Portal de Cidadania

Castelo da Feira

Castelo da Feira

O ponto de interesse Castelo da Feira encontra-se localizado na freguesia de União das freguesias de Santa Maria da Feira no municipio de Santa Maria da Feira e no distrito de Aveiro.

Castelo gótico, de planta oval irregular, fisionomia básica quinhentista, revelendo um evidente paralelismo com a solução adoptada na Castelo de Lanhoso (v. PT010309190002); a incorporação das flechas cónicas na torre, na época manuelina e joanina, de influência moçárabe, aproximam-se às existentes no Castelo de Porto de Mós (v. PT021016120002). A torre-alcáçova de planta sub-rectangular é dotada de 4 torreões, 2 na fachada principal, enquadrando a porta de entrada, e outros dois no lado oposto. Capela de planta hexagonal, seiscentista, de raíz classicizante, com modelos parentes nas capelas aveirenses de São Gonçalinho (v. PT020105120017) e Madre de Deus (v. PT020105120015). Possuiu ainda no seu interior restos do antigo palácio seiscentista.

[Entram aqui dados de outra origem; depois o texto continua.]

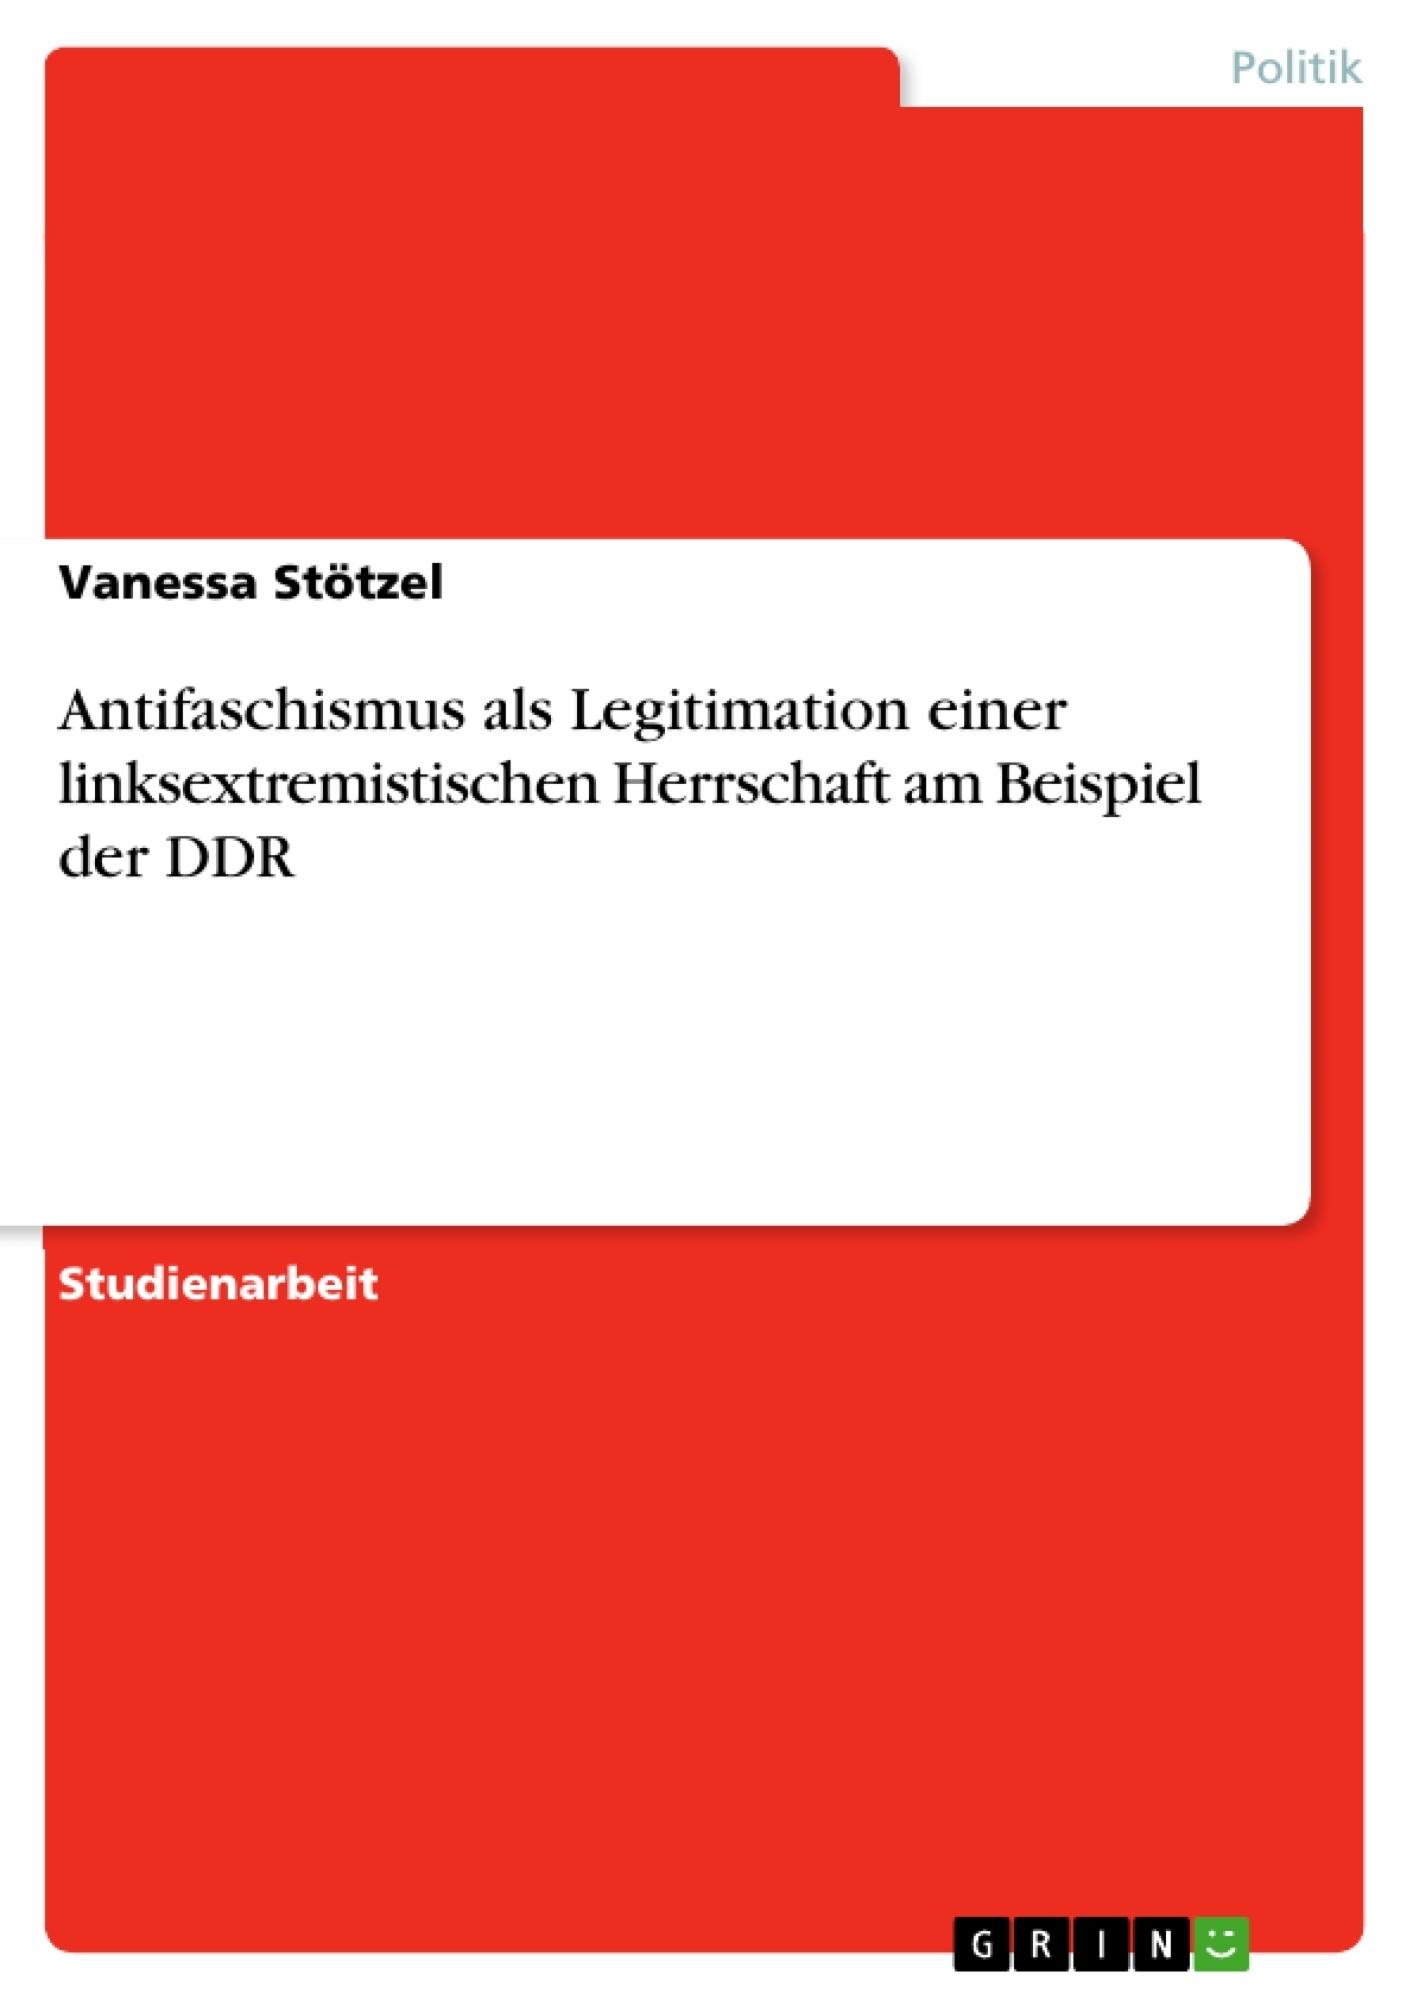 Titel: Antifaschismus als Legitimation einer linksextremistischen Herrschaft am Beispiel der DDR
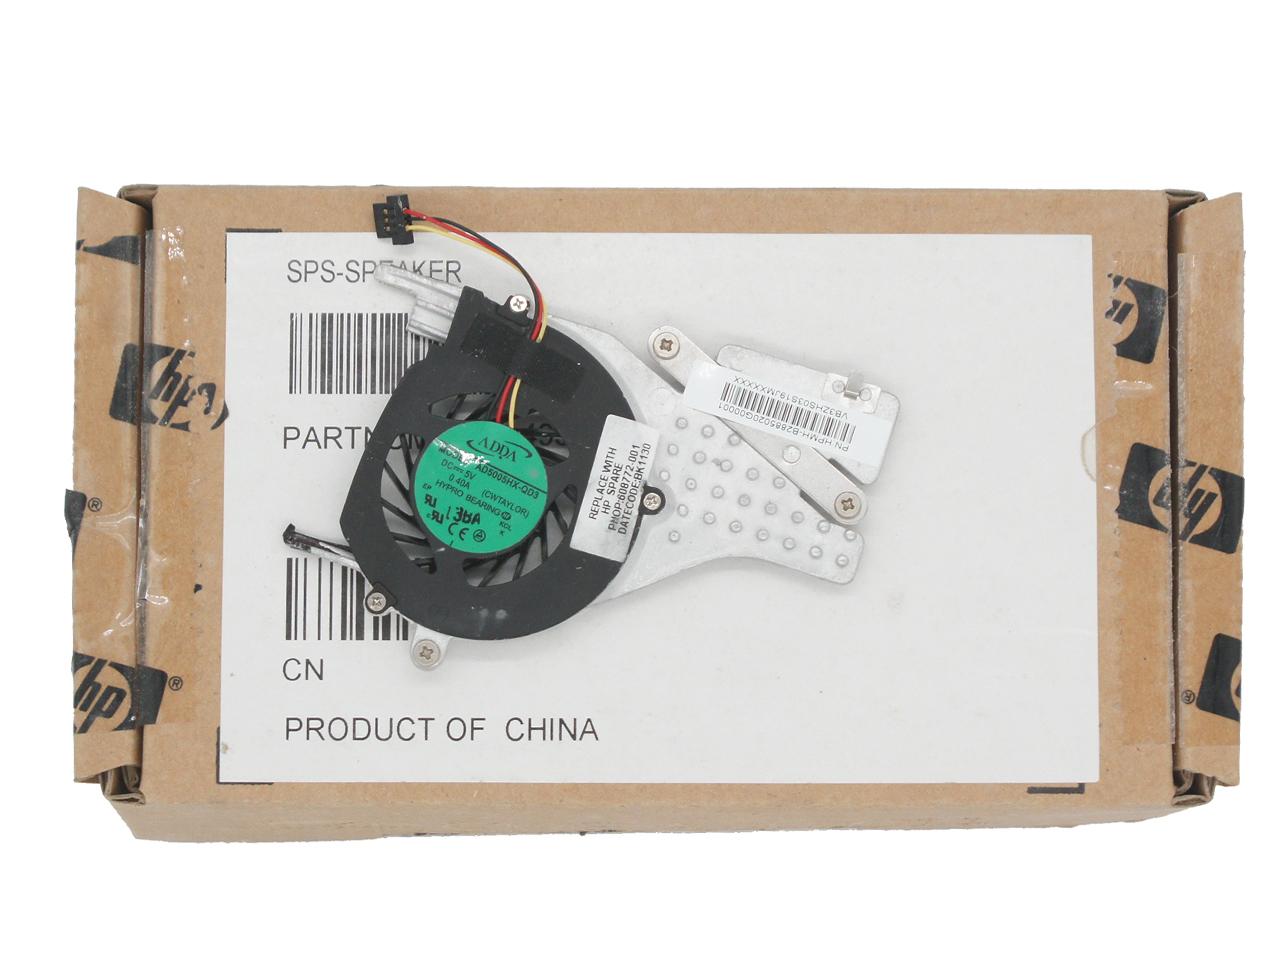 惠普HP MINI CQ10 210-1100 210 210-1000 DFS300805M10T F91R 608772-001 散热器 模组 风扇

Planta oval irregular, com entrada protegida por barbacã, com poço e torres quadrangulares adossados, avançando nas extremidades pequena cerca poligonal que constitui a tenalha e, no lado, oposto, capela de planta hexagonal. As muralhas, com adarve, são rematadas em parapeito ameado composto por ameias de corpo largo, rasgadas por seteiras cruciformes e troneiras, e abertas com esbarro para o exterior. Uma porta arqueada dá acesso às construções e à torre de menagem quadrangular reforçada por torreões nos cunhais, com entrada protegida por balcão de mata-cães, três pisos com cobertura em abóbada de berço seccionada em quatro tramos por arcos torais assentes em mísulas. Os torreões rematam em coruchéus cónicos cantonados por pequenos cones. A capela, de planta hexagonal, anexa corpo em forma de rectângulo com porta rectangular excêntrica e três frestas correspondendo a três vãos rectangulares superiores com sacada, correndo entablamento superior ritmado por mísulas enquadrando os vãos e ao cimo sineira no enfiamento do portal rectangular. Capela com portal axial constituído por pilastras misuladas, empena pronunciada e remate superior com frontão semicircular interrompido, albergando óculo hexagonal interino. Marco arquitectónico liso marcado por pilastras nos cunhais e cimalha de verga recta com pináculos angulares, e cobertura em seis panos com pináculo no vértice. Interior de plano centrado com abertura de cinco arcos de volta perfeita, exceptuando o da entrada, albergando retábulo central e dois laterais. Púlpito de base hexagonal e anteparos de balaústres em madeira. Cobertura em sectores cilíndricos com remate central com florão.

Materiais

Alvenaria e cantaria (capela), madeira e lajeado (pavimentos interiores)

Observações

A povoação data de tempos imemoriais, aqui teriam os lusitanos erguido um templo em honra de Bandeve-Lugo Toiraeco, mais tarde transformado num templo Mariano. Data desses tempos a feira que deu nome ao local. Por aqui passava a via romana Olissipo - Bracara Augusta, encontrando-se, no perímetro do imóvel vestígios de ocupação romana. A torre de menagem inclui três fogões. Sendo um castelo de transição, reflecte as adaptações, as persistências e as inovações armamentistas que, ao nível da defesa, vão sendo configuradas por seteiras.*1- Esta lápide armoriada e epigrafada não se encontra no local de origem, uma vez que fotografias datadas de 1929 registam sobre o fecho do arco da porta uma outra pedra de armas; *2. Num silhar, encontrado em 1905, hoje desaparecido encontrava-se gravada a data de 1385; esta inscrição foi publicada por Leite de Vasconcelos no "Arqueólogo Português" e no CEMP, com o nº 671 (BARROCA, 2000, pp.1915-1916).